**Your task**
Beginning with the line that holds "Star Wars (Return" and ending with the last line below, please copy every line exactly, add nothing, and leave out the pictures.

**Given data**

——

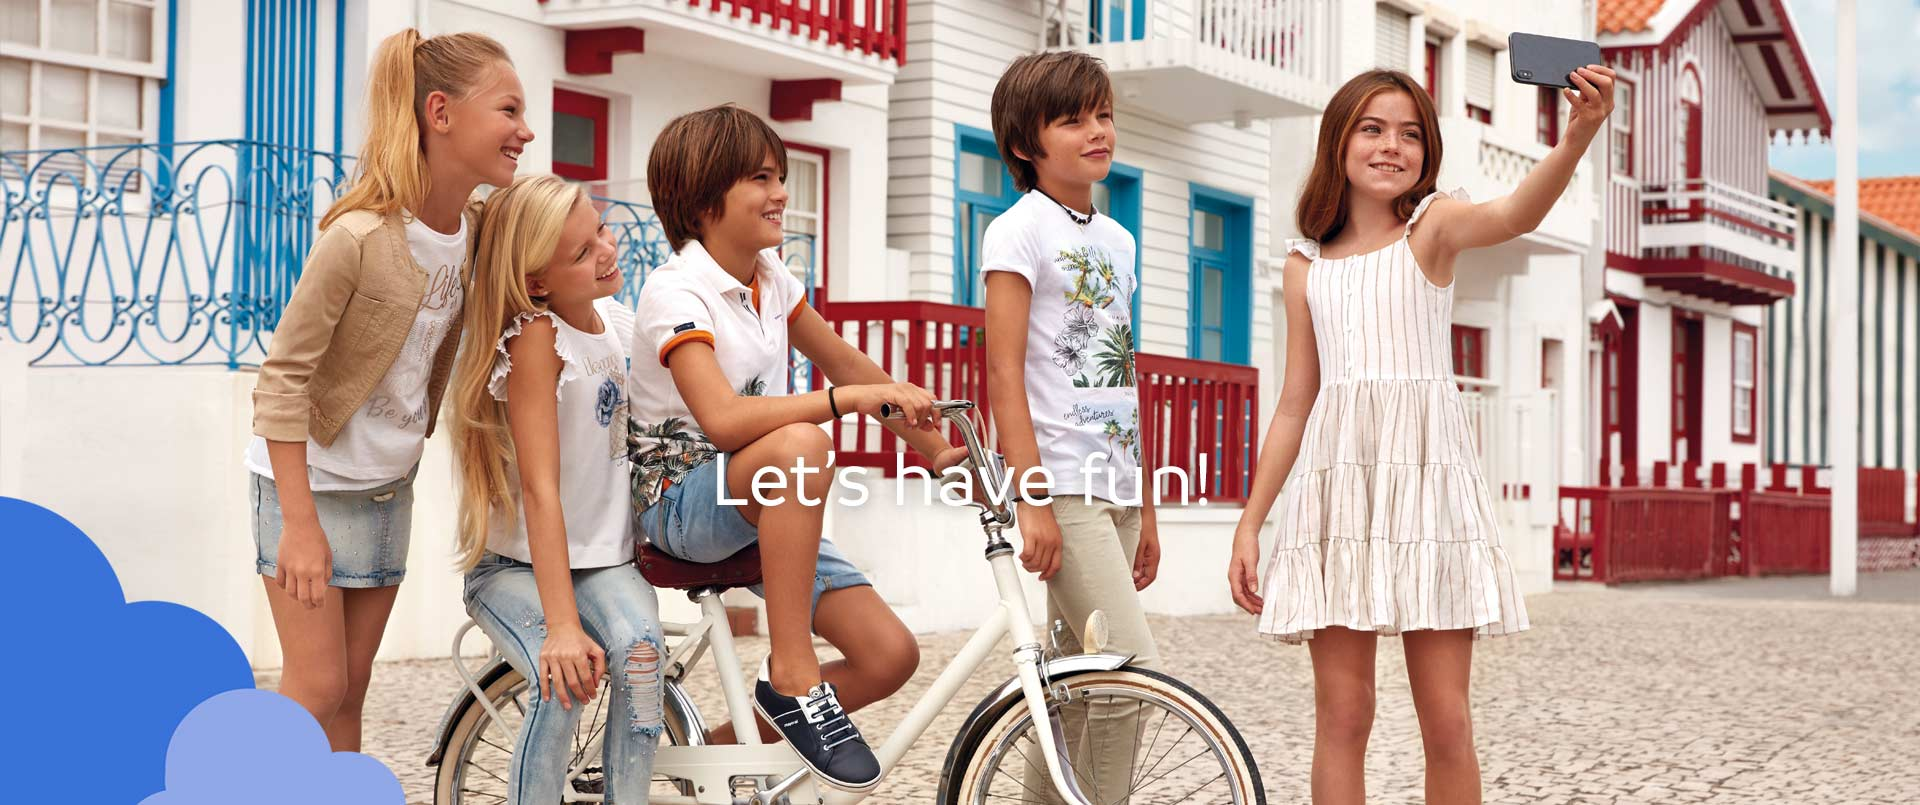 0ba144e6a05 Παιδική μόδα, ρούχα για μωρό, αγόρι και κορίτσι | Mayoral
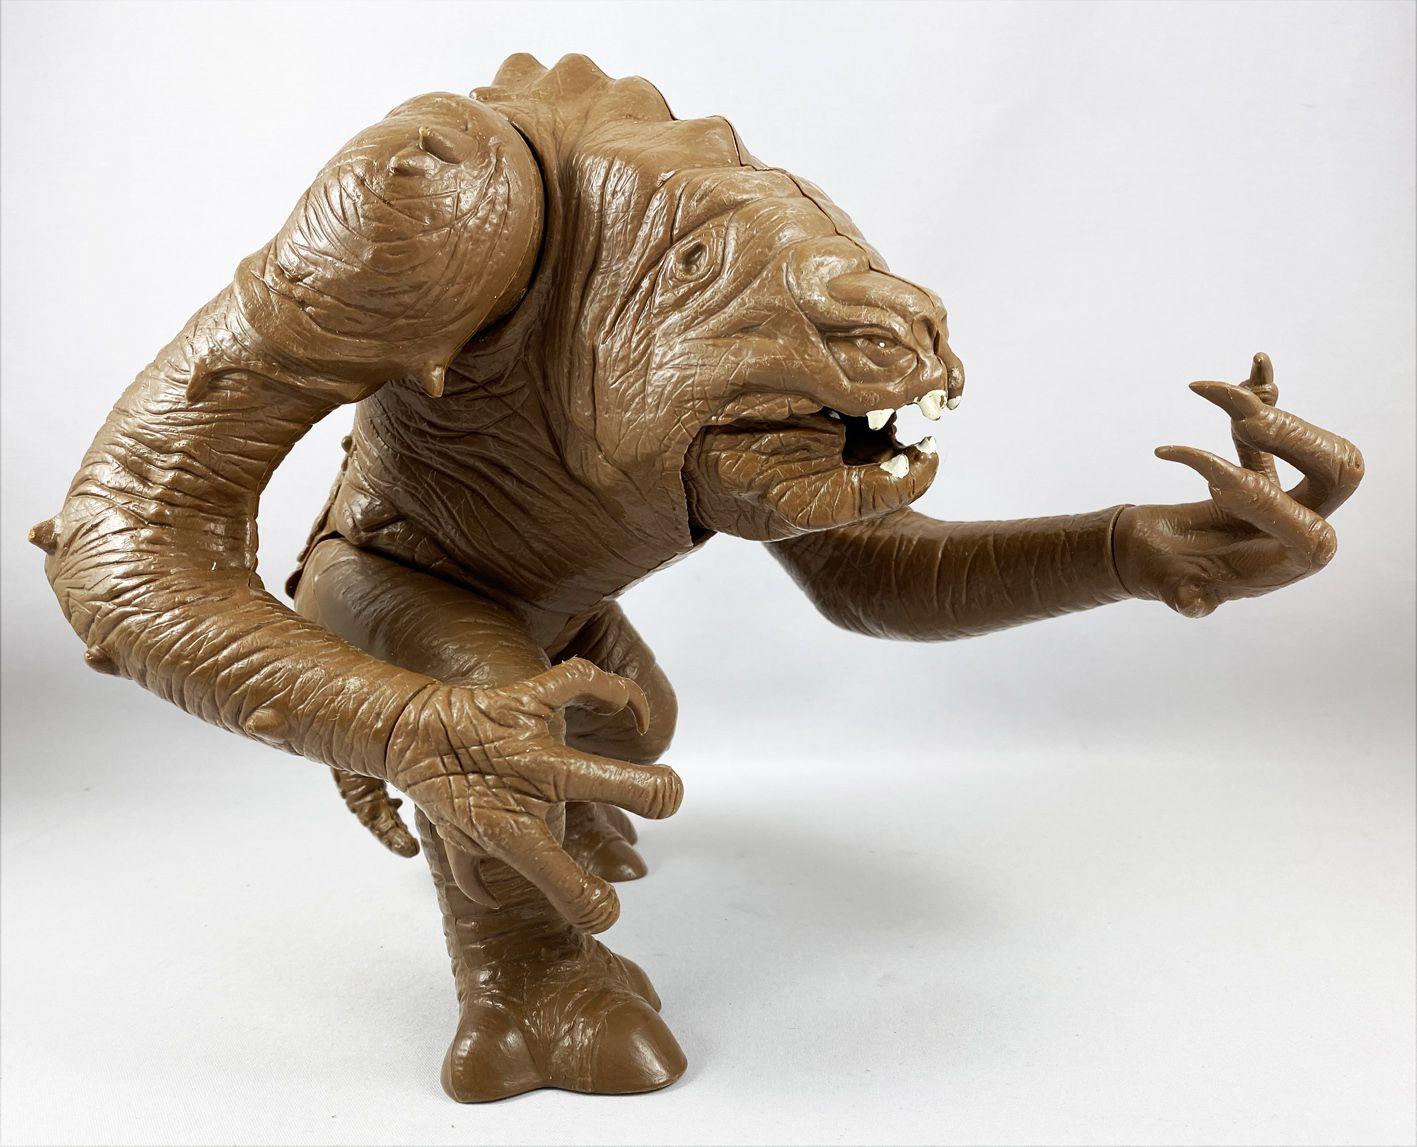 Star Wars (Return of the Jedi) 1983 - Kenner - Rancor Monster (loose)
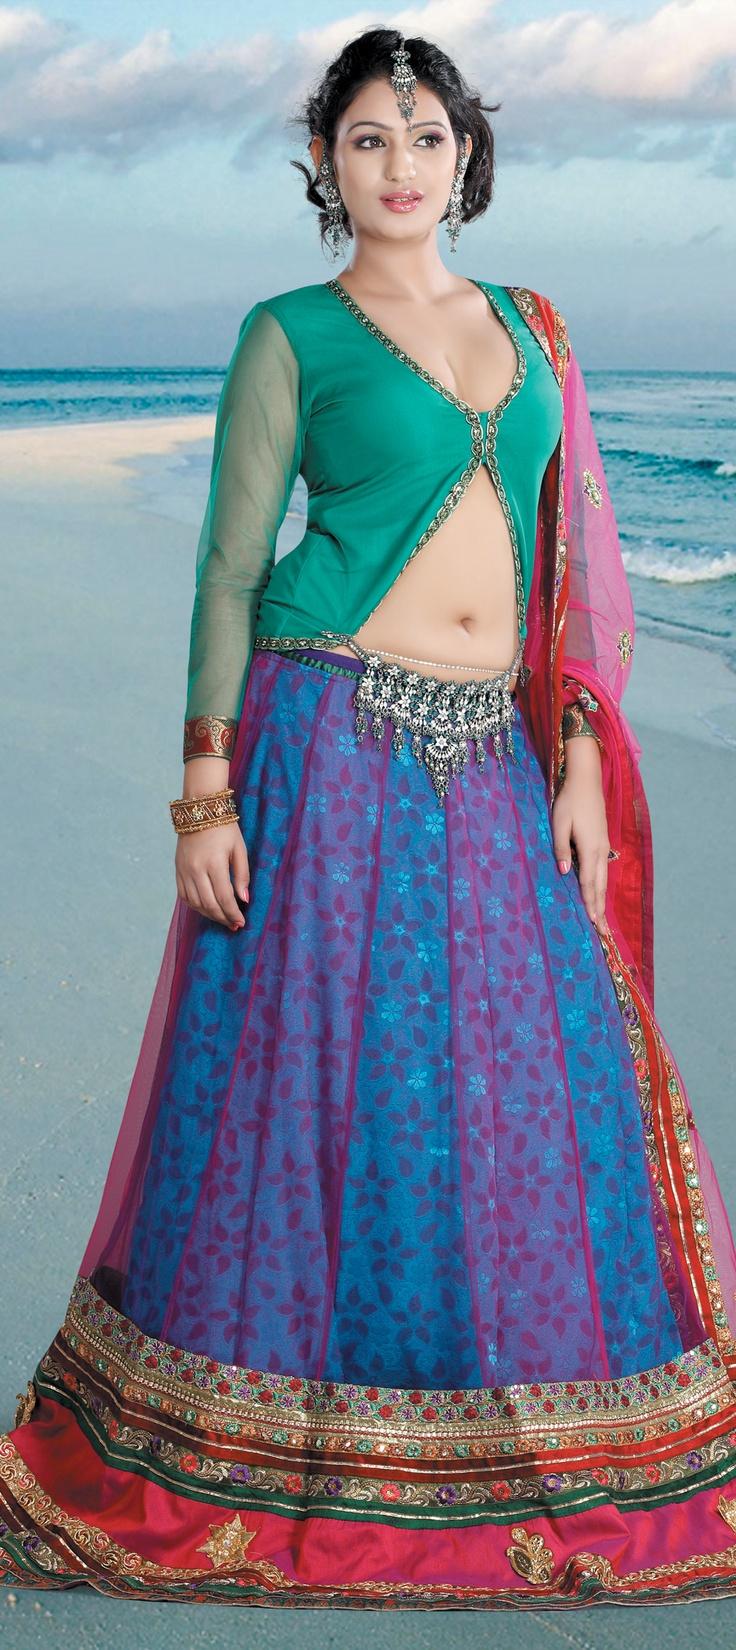 DISCOUNT AVAILABLE ....Indian wedding lehenga!!!!!Shop now @ http://www.indianweddingsaree.com/product/73873.html

——

**Written answer**
 Star Wars (Return of the Jedi) 1983 - Kenner - Rancor Monster (loose)
 DISCOUNT AVAILABLE ....Indian wedding lehenga!!!!!Shop now @ http://www.indianweddingsaree.com/product/73873.html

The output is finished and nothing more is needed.